Bu konuda Can beye katiliyorum. Hakli cikan tarafin cebinden hicbir tutarin cikmamasi gerekir. Haksiz taraf diger tarafin vekalet ucret odemesi dahil tum zararini odemelidir. Aksi hal adalete uygun dusmez.

Not. Avukat ucretini almalidir tabi ki. Ancak bu ucretin tamami davada haksiz cikan tarafindan hakli cikana odenmelidir. Yani asgari ucret degil anlasilan ucret.
Old 26-07-2011, 21:27   #35
Av.Selim Balku

 
Varsayılan

Alıntı:
Yazan av.eduss
ben yaptım! 500 liraya anlaşmalı boşanma davası aldım! evet aldım ! pişmanmıyım ? hayır! kimse mırın kırın etmesin..Etikten de bahsetmesin..kiramı ödeyemiyorken, büromun alt katında siyasi destekli sigortalı-sigortasız 10 çalışanlı bir hukuk bürosu varken, babam bu gün ne yaptın diye sorduğunda "bekledim" demekten utanmaya başlamışsam, adliyeye çay içmek dışında gitmediğim-gidemediğim ortadaysa ve bu yüzden sene 1960 larda "memur" olmuş kalem personeli "amca"nın imalı bir şekilde "eee staja benzemiyo dimi hayat bacııımmm" hitaplarına maruz kalıyorsam, okuduğum, bildiğim şeyleri siyasi-ticari-ailevi yoksunlukların getirdiği engellerle pratiğe dökme şansını henüz yakalayamamışsam.. Kimse etik-gelecek nesiller-meslek sorumluluğu diyemez!meslek sorumluluğundan önce hayat sorumluğu gelir..Emek verdiğim şeyin karşılığı yüksek ücret almak değildir.Aldığım ücret az bile olsa hak ettiği özenle o işi yapmak ve hayat sorumluğumu yerine getirmek yani;YAŞAMAKTIR aslolan!

Tamam, mırın kırın, etmeyeceğim, etikden de bahsetmeyeceğim, peki yasal engellerden bahsedebilir miyim?

Can Beyin fikrine katılıyor ve destekliyorum.

Sanırım, Şehper Hanım, bir yazısında belirtmişti, "müvekkillerin avukatlık ücretlerini baroya yatırması" fikri...

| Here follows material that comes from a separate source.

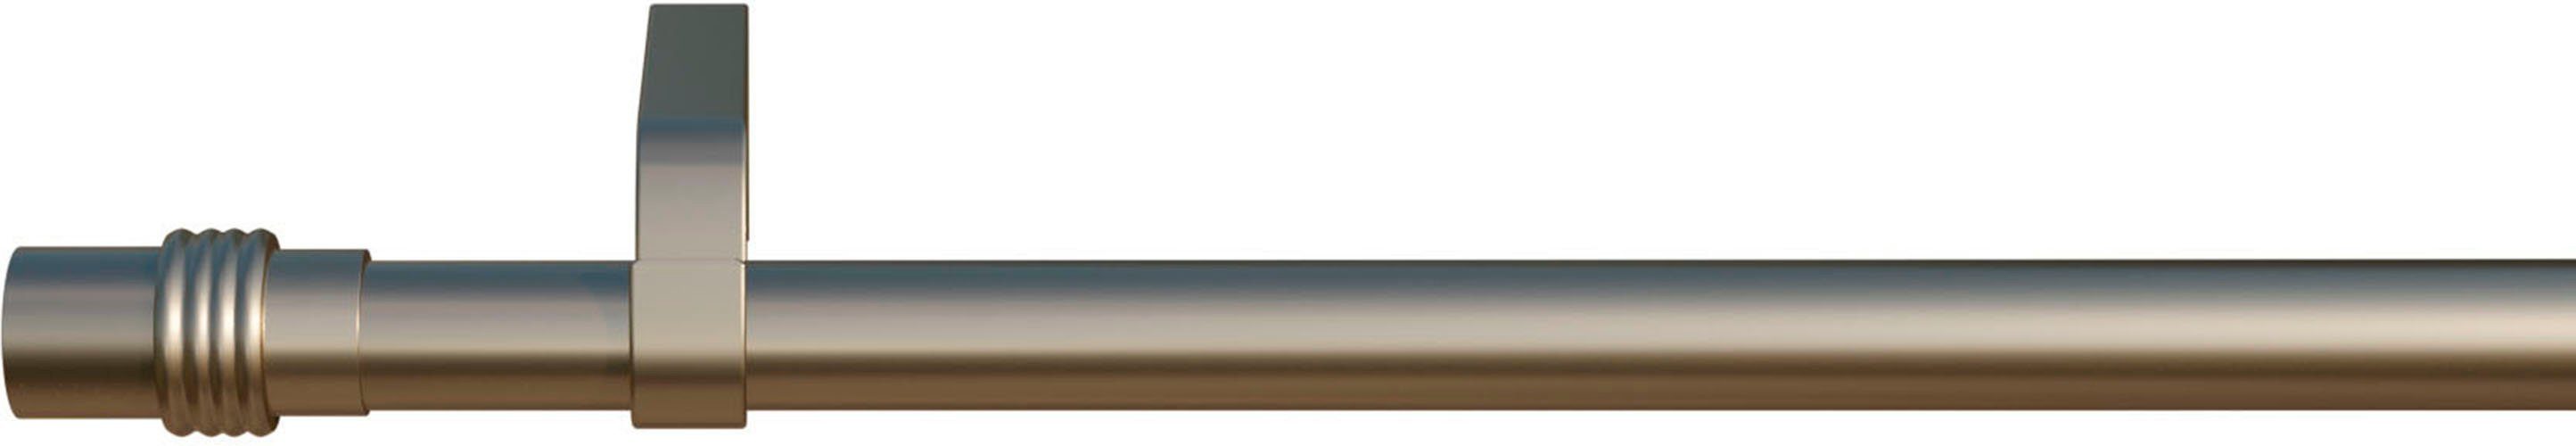 1-läufig, Ø verschraubt, silberfarben mm, 16 Zylinder, mit Wunschmaßlänge, Eisen indeko, Bohren, Gardinenstange

Her iki fikir birleşirse, çözüm kısmen sağlanabilir...

Kolay Gelsin...
Old 26-07-2011, 22:23   #36
Av. Hulusi Metin

 
Varsayılan Pazar ekonomisi - Avukatlık hizmeti

Alıntı:
nejan
Alıntı:
]...Vekalet ücretinin ise gayrimenkulün bedeline göre tarifede belirlenen miktarda olduğunu belirttim. Tabii doğal olarak(!) bu durum müvekkilin bütçesine uymadı. Bu duruma hiç şaşırmadım ama beni şaşırtan, müvekkil iki gün sonra davasını %2 den daha az bir avukatlık ücretine başka bir avukatlık bürosuna verdiğini söyledi. Yani tarifeye göre alınacak bedelden ödenecek verginin dörtte biri civarında bir rakama alınmış dava. Hayretler içinde kaldım. Görüştüğü ikinci hukuk bürosunun da buna çok yakın bir rakam söylediğini duyunca, avukatlık hizmetini meslektaşlar hayır için yapmaya başladı ve bu meslektaşlardan hayır işi diye vergi alınmıyor da benim mi haberim yok diye düşünmekten kendimi alamadım.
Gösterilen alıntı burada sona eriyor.